469 Tracker
I designed and built 469 Tracker as a civic-tech platform to make a complicated political question easier to see: where does each member of Nigeria's National Assembly stand on the Reserved Seats for Women Bill? Because accountability should not require a political science degree and three open tabs.
The Problem
What interested me about this project was not just the issue itself, but the interface problem around it. Legislative accountability often exists in fragmented updates, closed conversations, screenshots, press statements, and long documents that most people will never read.

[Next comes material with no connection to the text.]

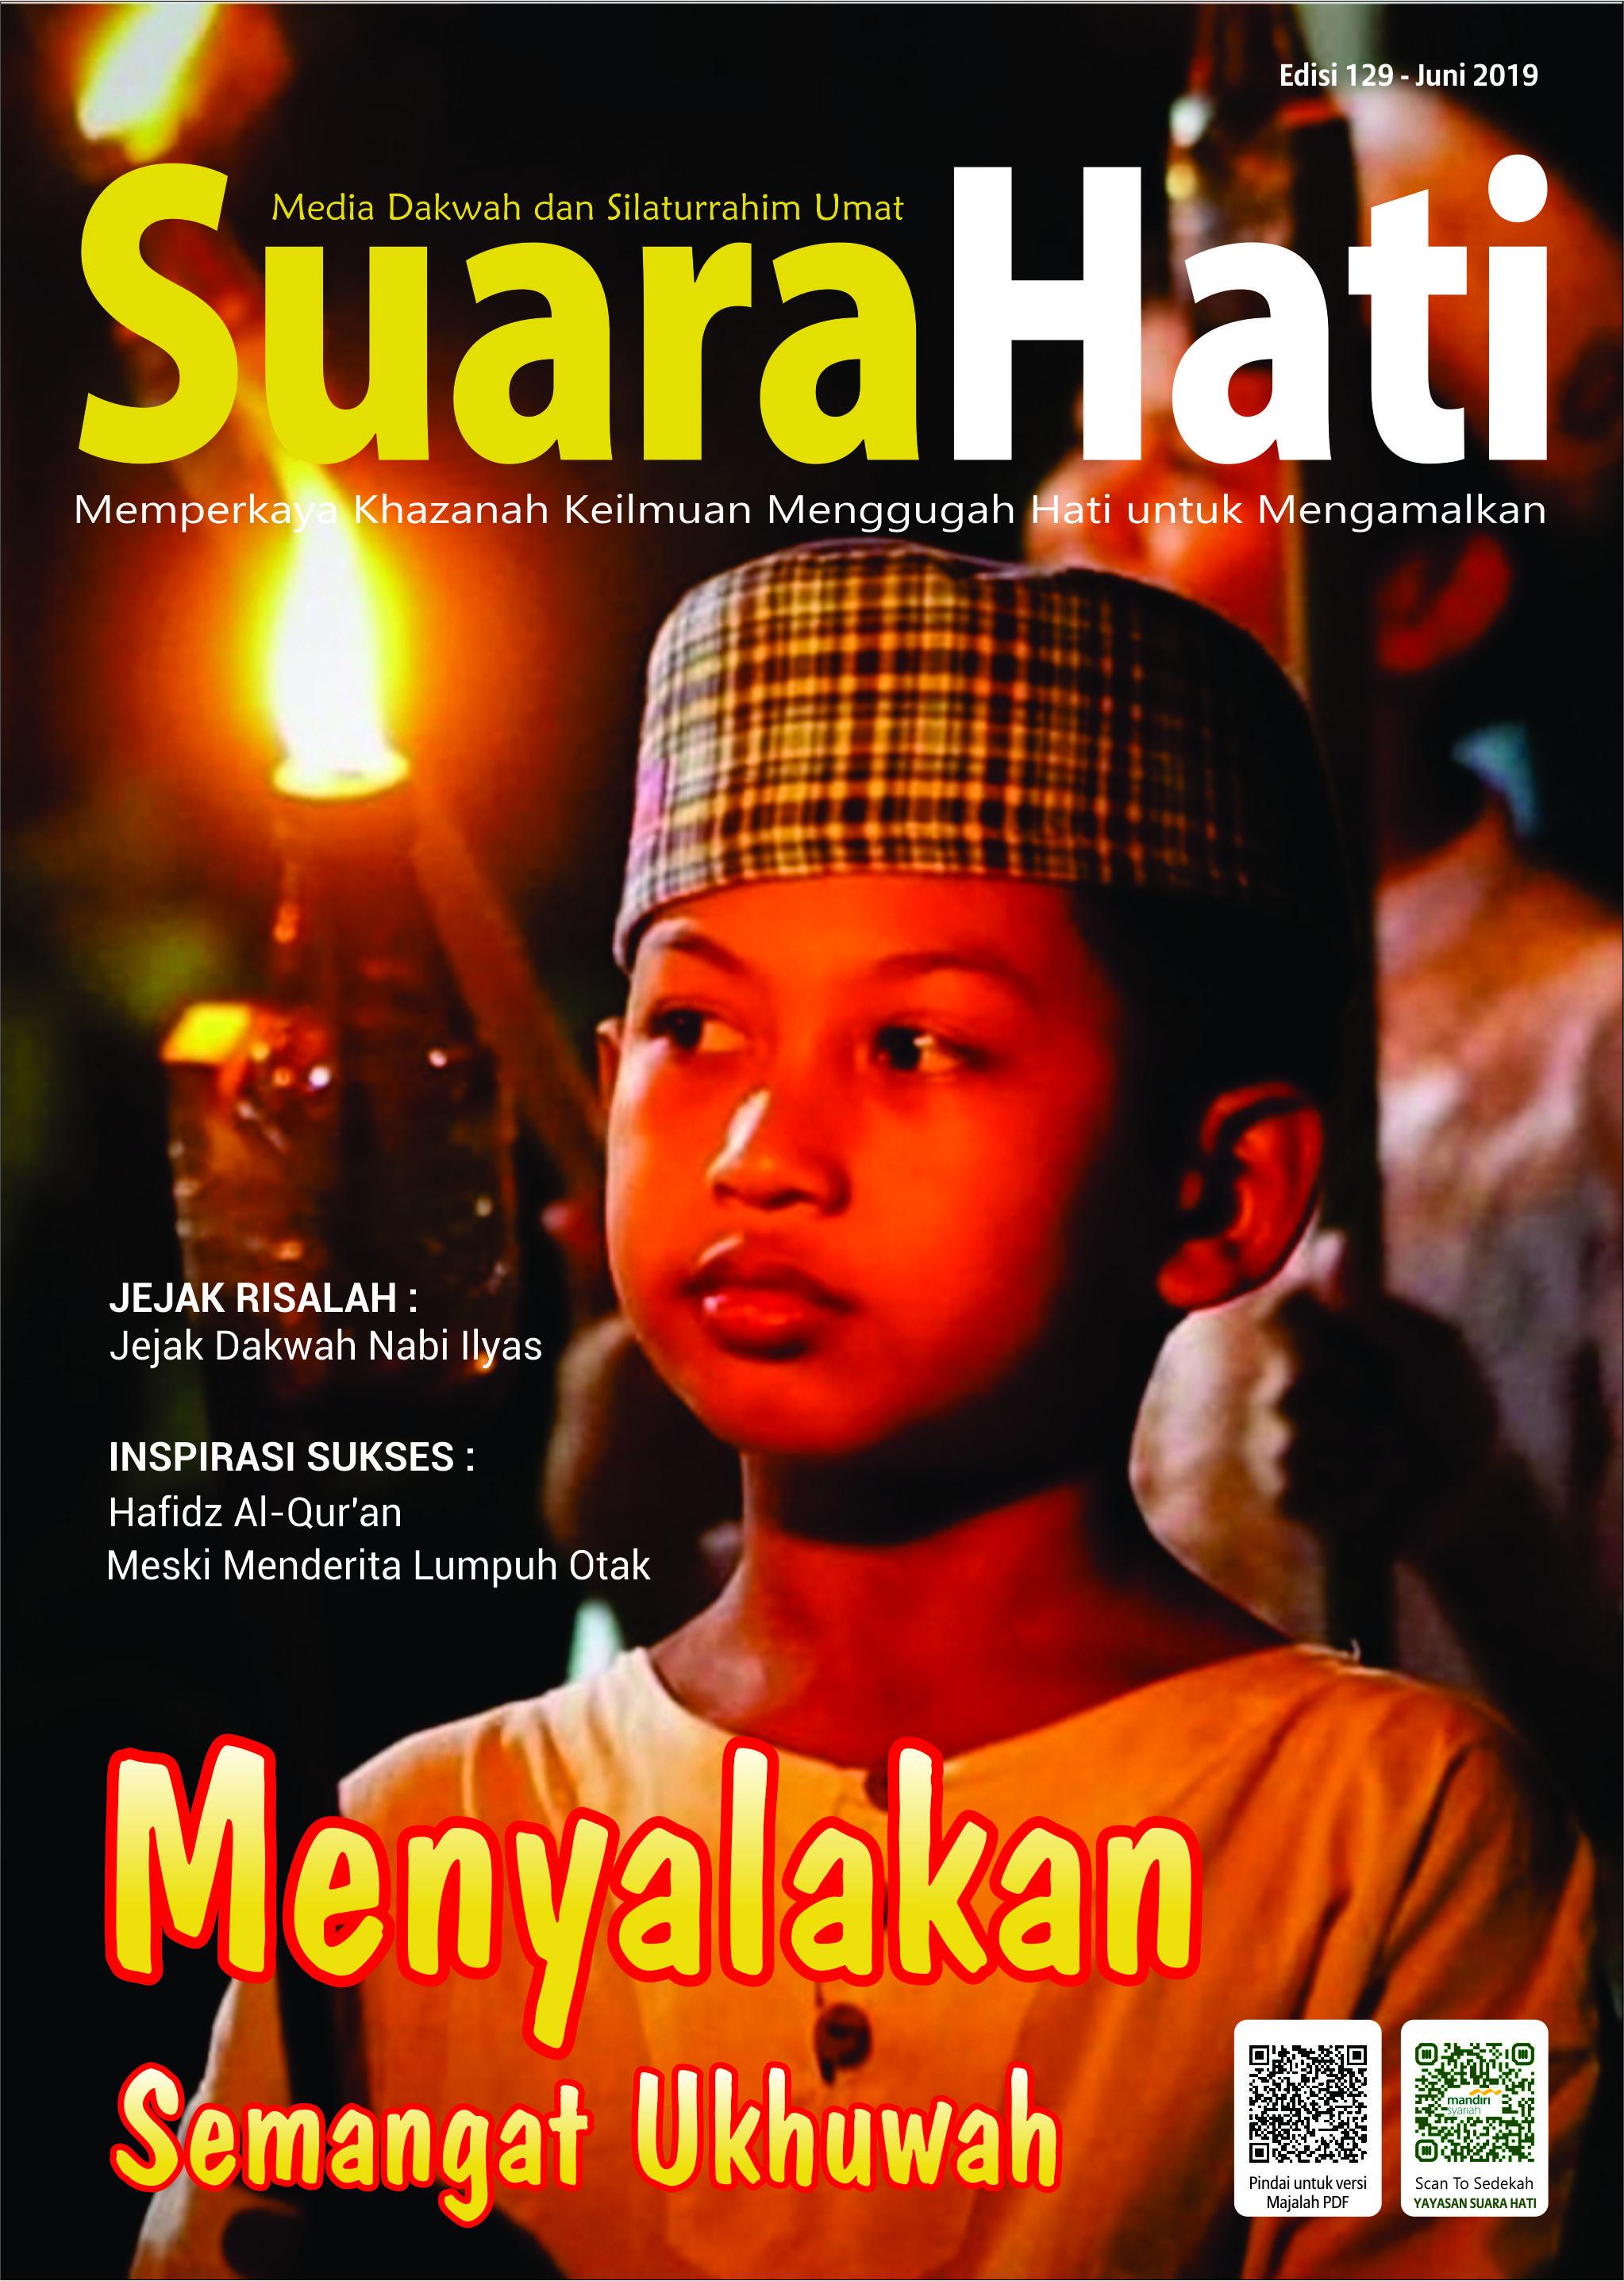 Majalah Suara Hati Edisi Juni 2019

As the creative engineer on the project, I wanted to turn that into something immediate and public. Not a policy archive, but a tool people could actually use. Something that lets you check your state, understand the current landscape quickly, and move from abstract politics to visible positions.
Core Idea
The strongest move in the product was making the map the center of the experience. The map was not garnish. It was the plot.
Instead of presenting the bill as a long explanation first, I built the interface around navigation, orientation, and visibility. The map lets the issue become local. You are not just reading about a national debate. You are checking where your state and your representatives stand.
Data Visualization
The map was not decorative. It was the product.
I used it to compress a lot of information into something legible in seconds: state-level stance, yes/no distribution, hover summaries, direct selection, and deeper drill-down when a state is opened.
That mattered because the issue needed more than awareness. It needed legibility. The visualization turns scattered political signals into a public surface people can navigate, compare, and discuss without needing to decode the usual institutional PDF energy.
- State-by-state exploration through an interactive Nigeria map
- Color-coded stance reading for quick scanning
- Hover summaries for fast context
- Selected-state overlays for deeper inspection
- Aggregate vote distribution for a national read at a glance
Design Direction
I wanted the site to feel urgent and public-facing without becoming visually noisy. The direction leans into strong campaign energy: bold type, high-contrast structure, clear color signals, and simple interaction patterns that stay out of the way. Loud enough to move, disciplined enough to trust.
The product needed to feel accessible to someone arriving from social media, press coverage, or word of mouth. That meant fast orientation, low friction, and a visual language that feels active rather than institutional.
Engineering
On the engineering side, I kept the stack light and focused: React, Vite, Tailwind, Motion, Lenis, React Simple Maps, and D3 geographic tooling.
One of the more useful decisions was using a Google Sheets-backed data flow instead of building a heavier admin system. Very unglamorous, very correct. It made the tracker easier to update operationally while still letting the frontend normalize the data, join it with GeoJSON, and compute state-level and overall totals for the visualization.
- Google Sheets as an editable source of truth
- GeoJSON + map projection for the state visualization
- Frontend aggregation for state totals and stance counts
- Motion for overlays, dropdowns, and progressive disclosure
Impact
The project did what I wanted it to do: take a distant legislative issue and make it feel visible, current, and explorable.
It also travelled well. The work was featured by Premium Times and TechCabal, which mattered because distribution was part of the design problem too. The tracker was not just meant to sit online, it was meant to move through public conversation.
More than anything, I see 469 Tracker as an example of what I enjoy most: building products where interface, narrative, and data all need to work together for the thing to actually mean something.